Background: Current outcomes from catheter ablation for scar-dependent ventricular tachycardia (VT) are limited by high recurrence rates and long procedure durations. Personalized heart digital twin technology presents a noninvasive method of predicting critical substrate in VT, and its integration into clinical VT ablation offers a promising solution. The accuracy of the predictions of digital twins to detect invasive substrate abnormalities is unknown. We present the first prospective analysis of digital twin technology in predicting critical substrate abnormalities in VT.

Methods: Heart digital twin models were created from 18 patients with scar-dependent VT undergoing catheter ablation. Contrast-enhanced cardiac magnetic resonance images were used to reconstruct finite-element meshes, onto which regional electrophysiological properties were applied. Rapid-pacing protocols were used to induce VTs and to define the VT circuits. Predicted optimum ablation sites to terminate all VTs in the models were identified. Invasive substrate mapping was performed, and the digital twins were merged with the electroanatomical map. Electrogram abnormalities and regions of conduction slowing were compared between digital twin-predicted sites and nonpredicted areas.
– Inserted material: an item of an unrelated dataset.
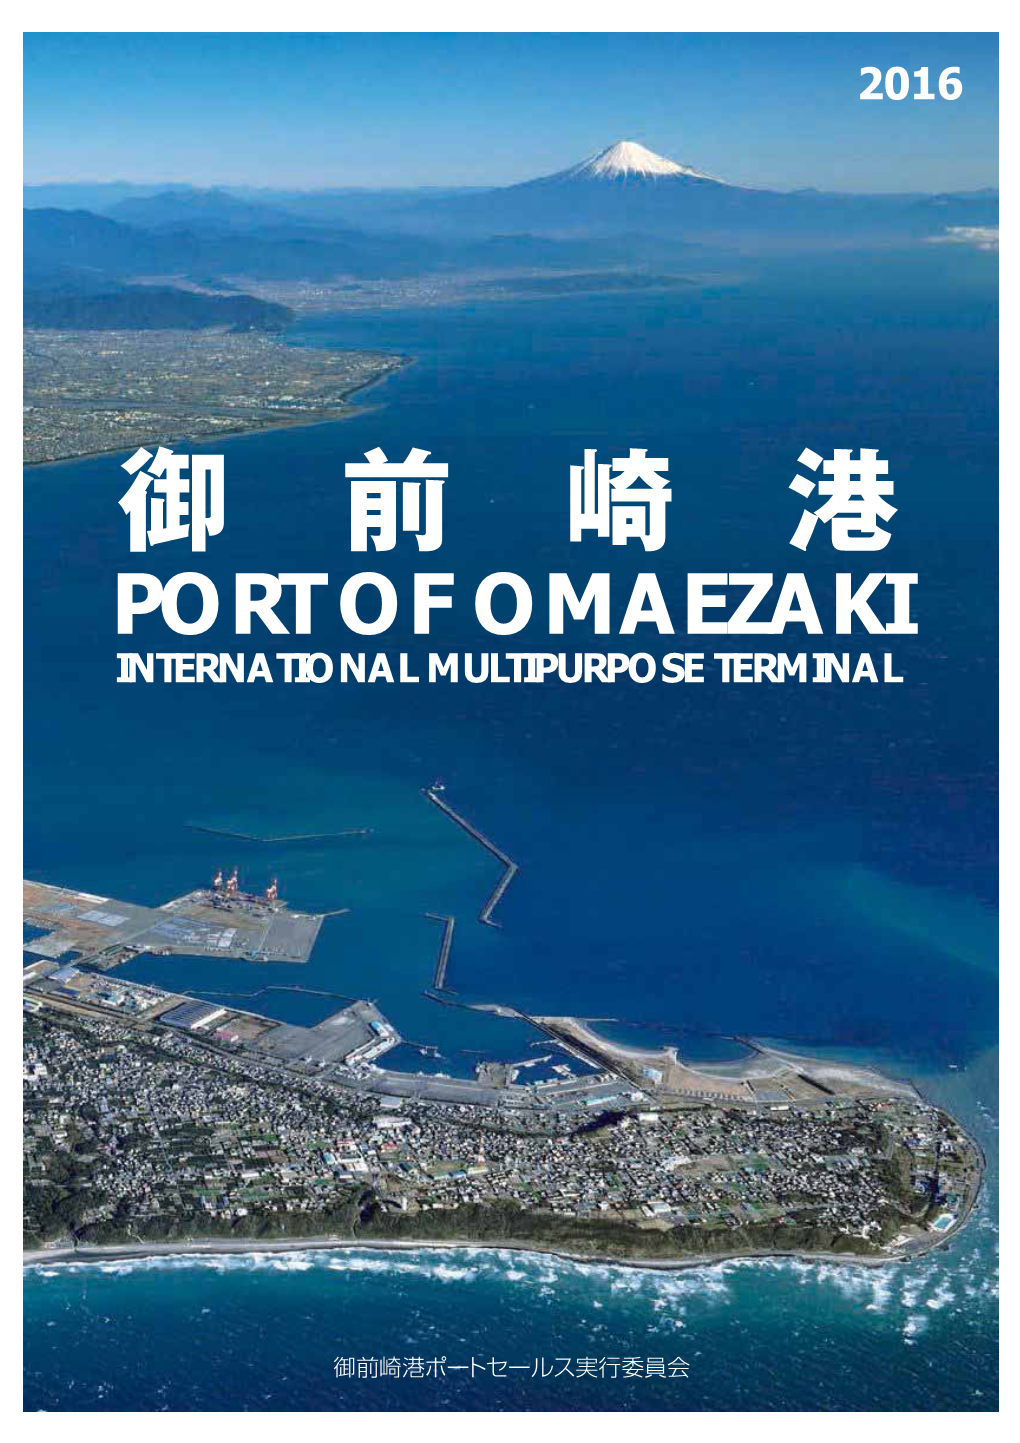 Port of Omaezaki in Tern a Tio N a L M Ultipurpo Se Term in a L Good Loc Ation At
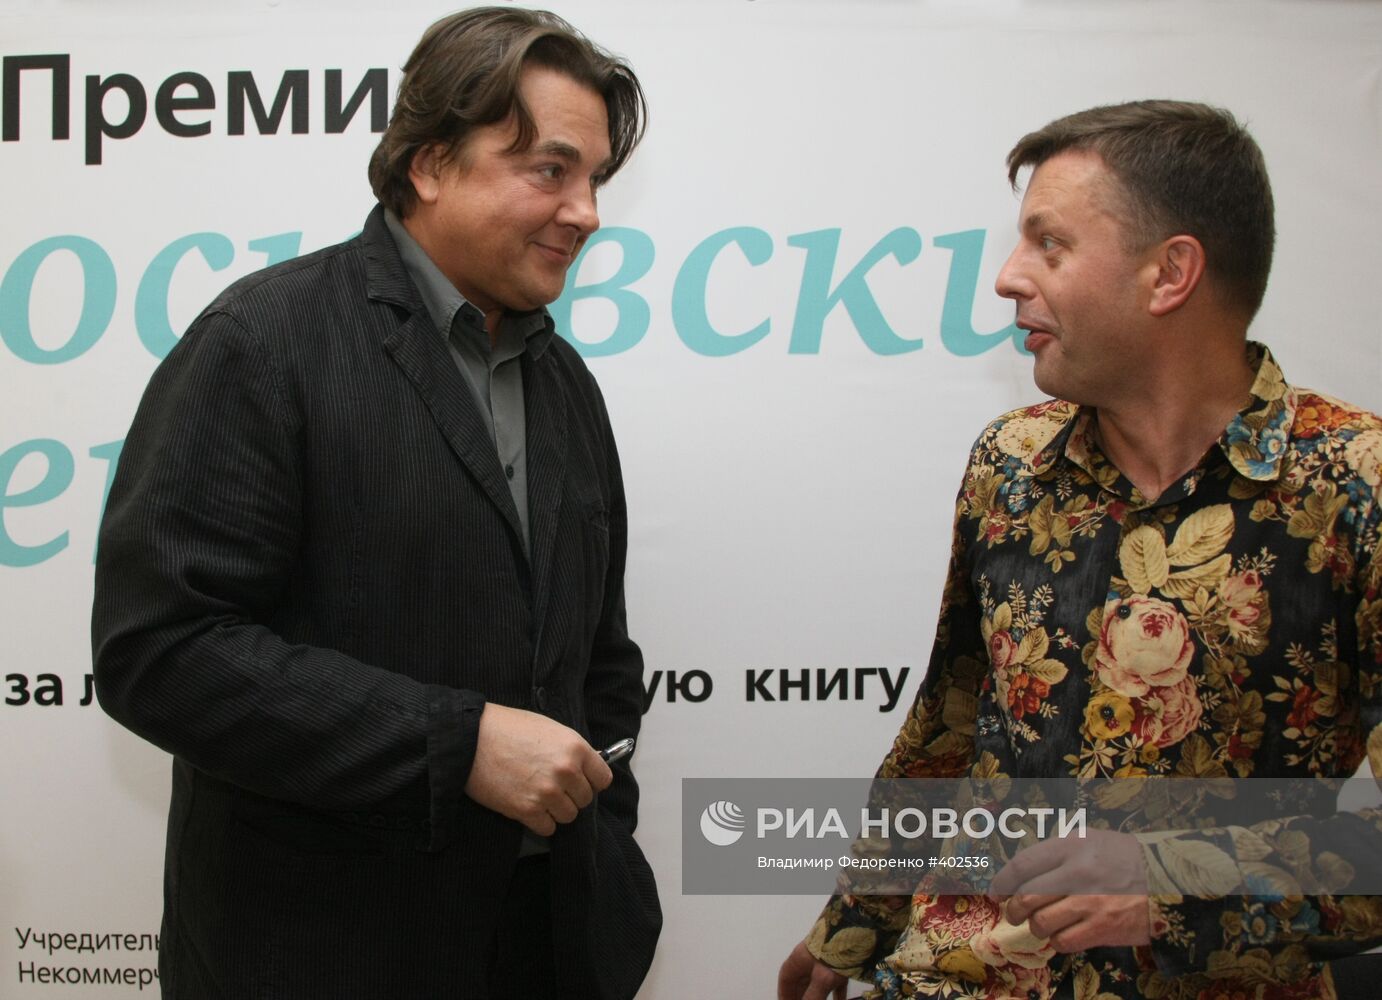 IV Московский международный открытый книжный фестиваль

Results: Electrogram abnormalities were significantly more frequent in digital twin-predicted sites compared with nonpredicted sites (468/1029 [45.5%] versus 519/1611 [32.2%]; P<0.001). Electrogram duration was longer at predicted sites compared with nonpredicted sites (82.0±25.9 milliseconds versus 69.7±22.3 milliseconds; P<0.001). Digital twins correctly identified 21 of 26 (80.8%) deceleration zones seen on isochronal late activation mapping.

Conclusions: Digital twin-predicted sites display a higher prevalence of abnormal and prolonged electrograms compared with nonpredicted sites and accurately identify regions of conduction slowing. Digital twin technology may help improve substrate-based VT ablation.

Registration: URL: https://www.clinicaltrials.gov; Unique identifier: NCT04632394.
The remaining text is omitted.